If you have Commonwealth Bank of Australia (ASX: CBA) shares in your portfolio, then you may want to read on.
That's because one leading broker is warning investors that Australia's largest bank's shares are materially overvalued at current levels.
What is being said about CBA shares?
According to a note out of Goldman Sachs, its analysts believe the bank's shares are trading at an unjustifiable premium to the global banking sector average. Particularly given its weak outlook due to elevated mortgage competition and inflationary pressures. It explains:
We reiterate our Sell on CBA because: i) CBA's skew to consumer banking leaves it more exposed to elevated mortgage competition and our forecast slowdown in mortgage volumes, ii) despite a solid 3Q performance, we don't see CBA as immune from inflationary pressures, and iii) we estimate that CBA is currently trading at a 120% premium against where we estimate its forecast ROE justifies it trading at in light of global comparable peers' current price-to-book vs. ROE (48% historic average premium; 100th percentile versus history).
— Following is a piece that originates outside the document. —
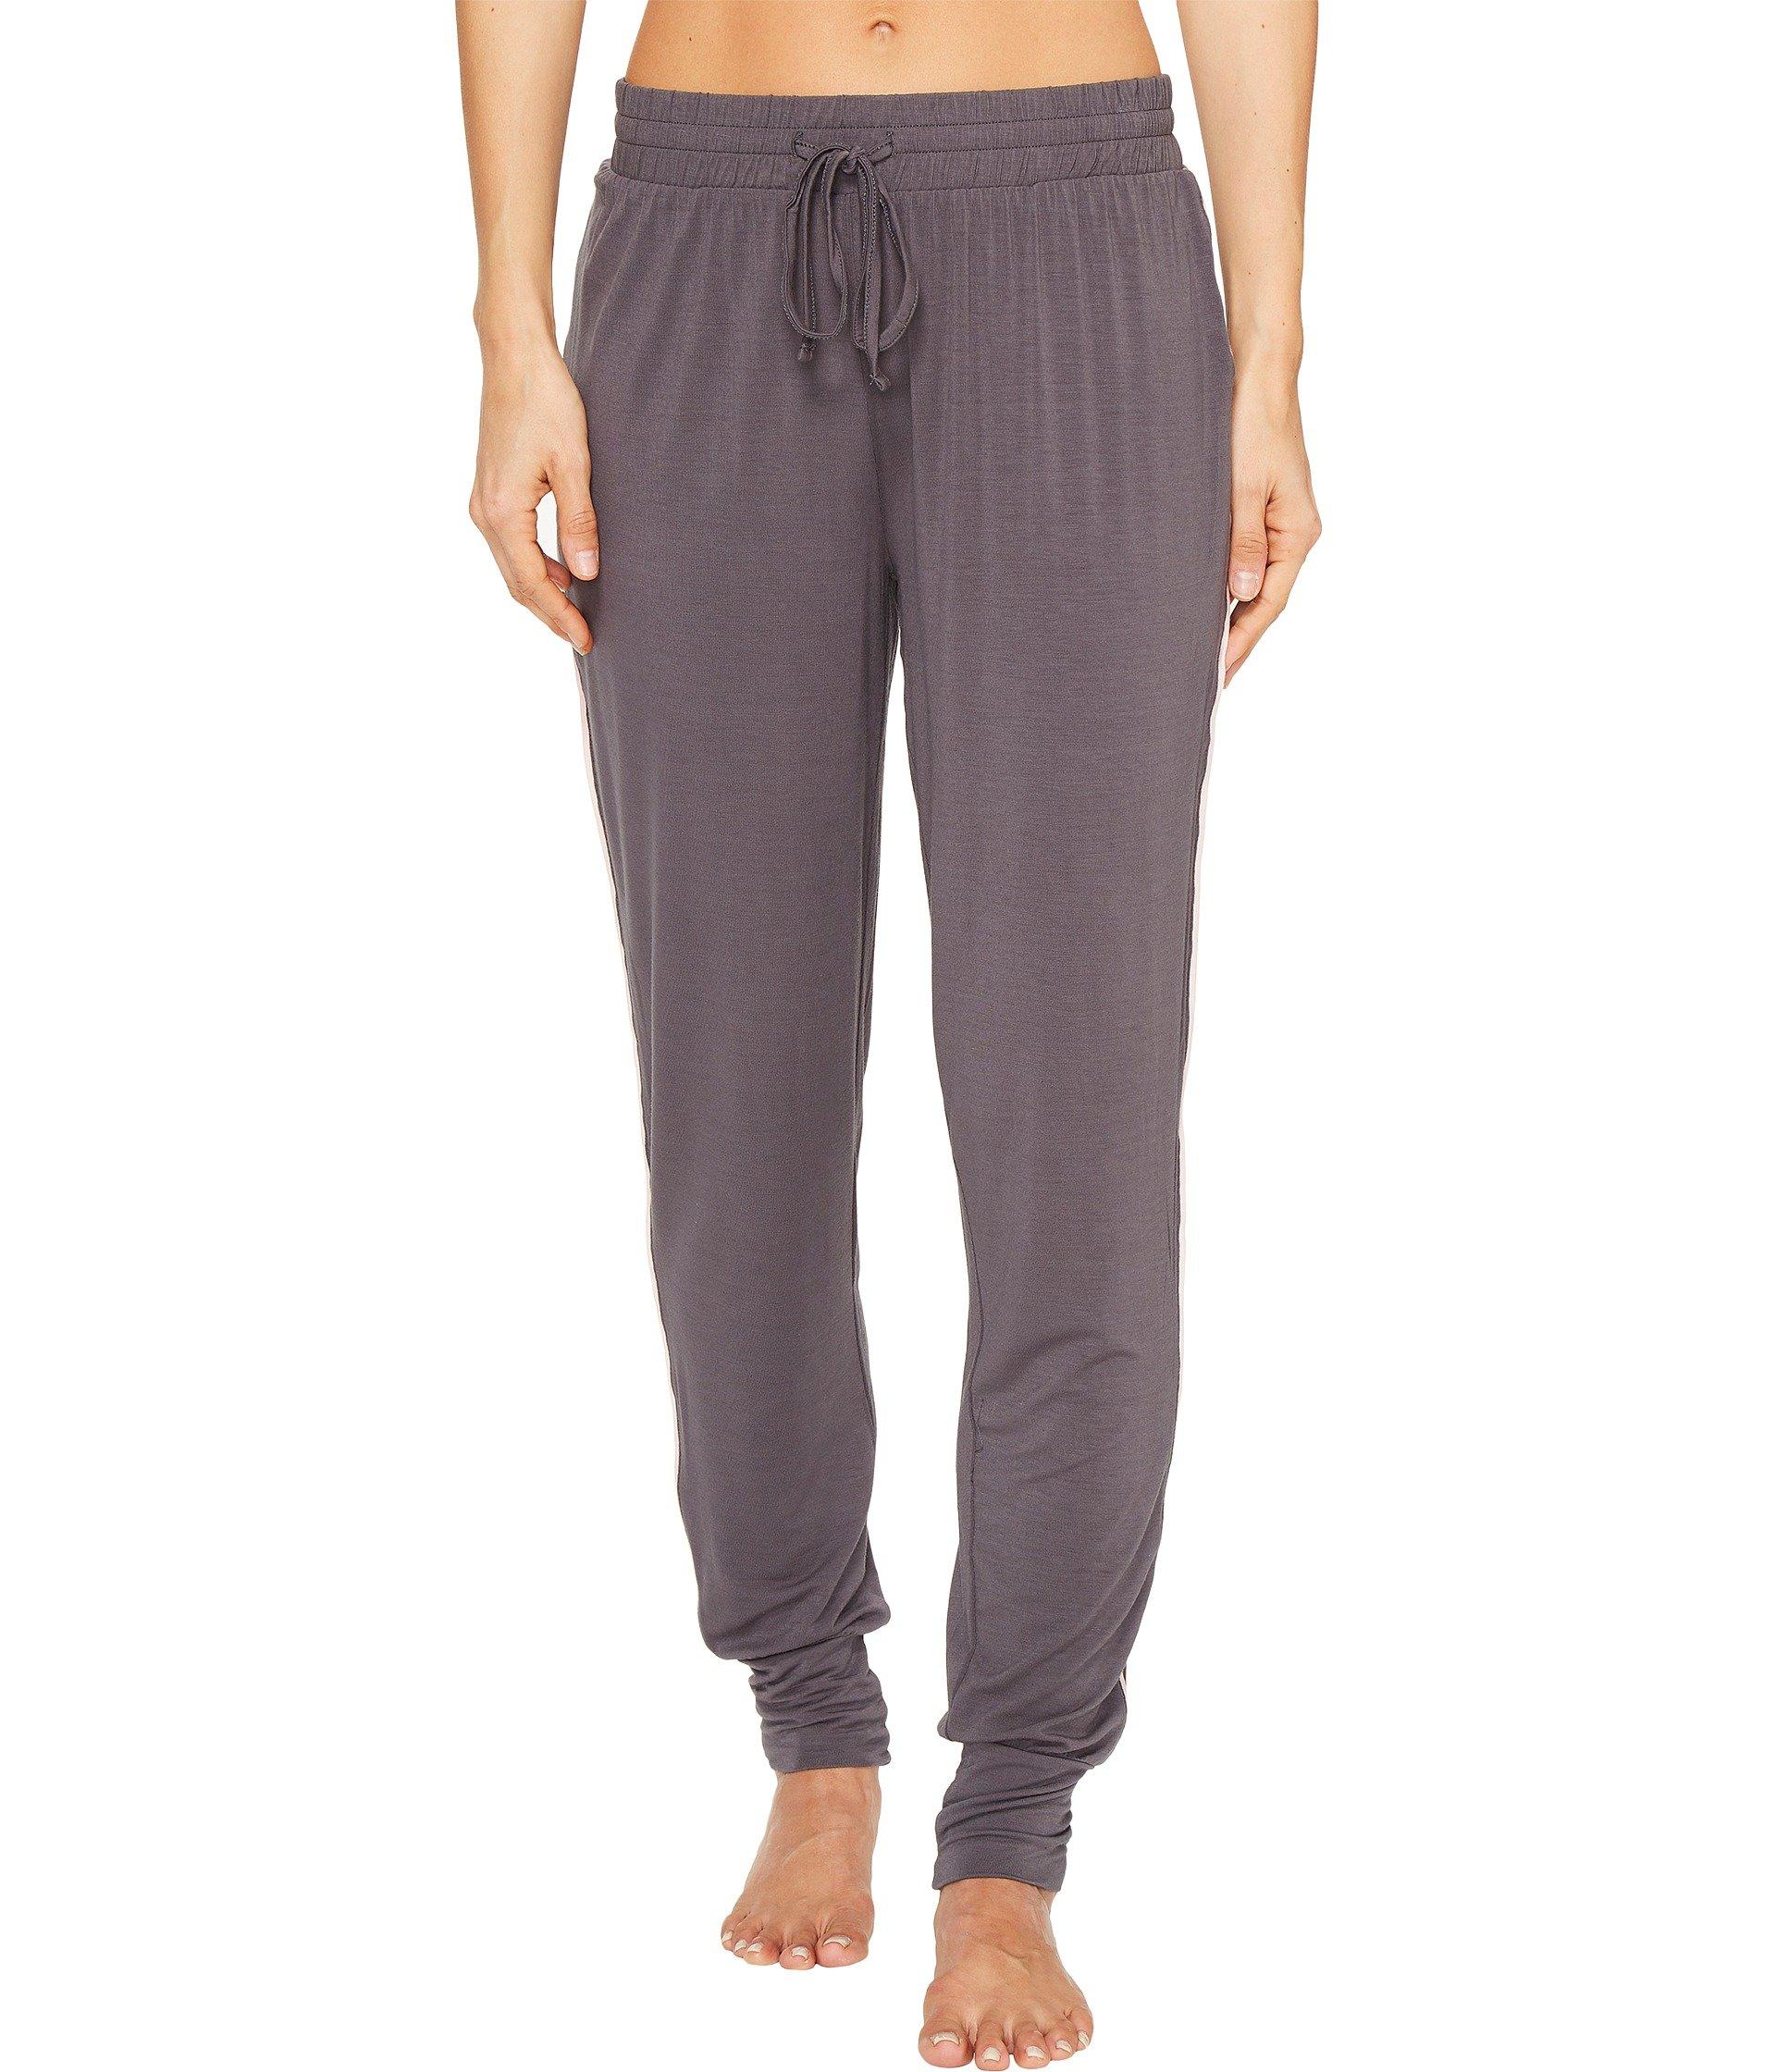 Pantalón de Pijama para Mujer P.J. Salvage Take Flight Jogger Pants  + P.J. Salvage en VeoyCompro.net

It is for this reason that Goldman has a sell rating and $84.97 price target on CBA shares. This implies potential downside of 14% from current levels.
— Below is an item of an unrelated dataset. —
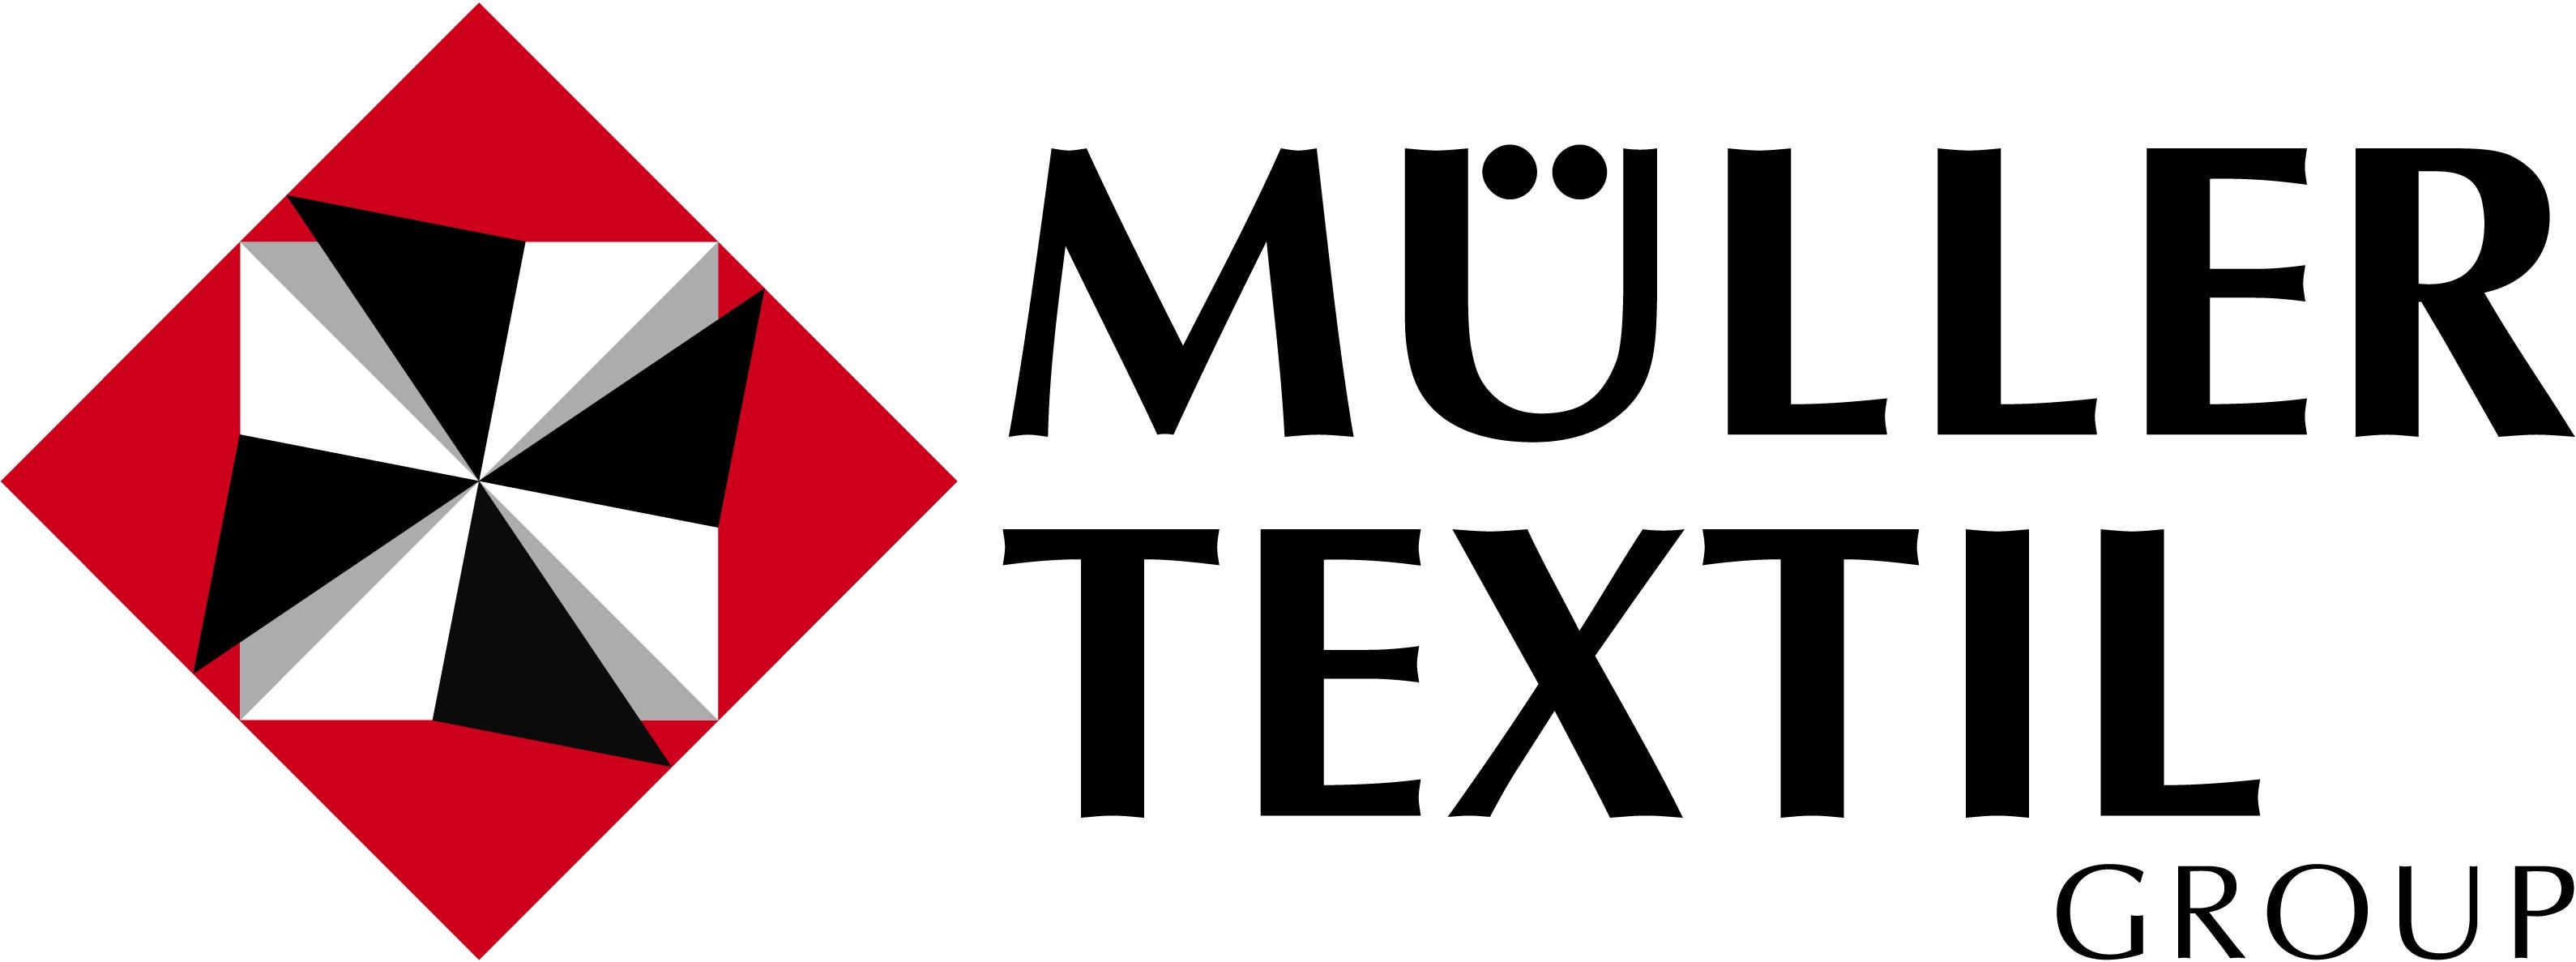 Muller Textiles

'Uncharted valuation territory'
As mentioned above, Goldman highlights that CBA shares are in "uncharted valuation territory" when it comes to its return on equity (ROE) to price to book ratio. Goldman dives deeper into it, explaining:
An alternative way to consider the discrepancy between the relative deterioration in Australian bank profitability against valuations is to consider, on a monthly basis back through time, how the four major banks have traded versus the line-of-best-fit formed by their global comparable peers using consensus ROE and price-to-book ratio. For example, using the current ROE vs. price-to-book relationship for global comparable peers, we come up with a line-of-best-fit, which implies that for CBA's expected 1-year forward ROE of 13.0%, the stock should trade on a price-to-book multiple of 1.0x. However, the stock actually trades on 2.2x, which is a 120% valuation premium to this implied valuation.
Doing this same analysis back through time, […] it shows that CBA historically has traded at a 48% premium to where its ROE forecast implies it should trade at. However, given the stock is currently trading at a 120% premium to where current ROE forecasts imply it should trade, we are in uncharted valuation territory (i.e. 100th percentile versus history).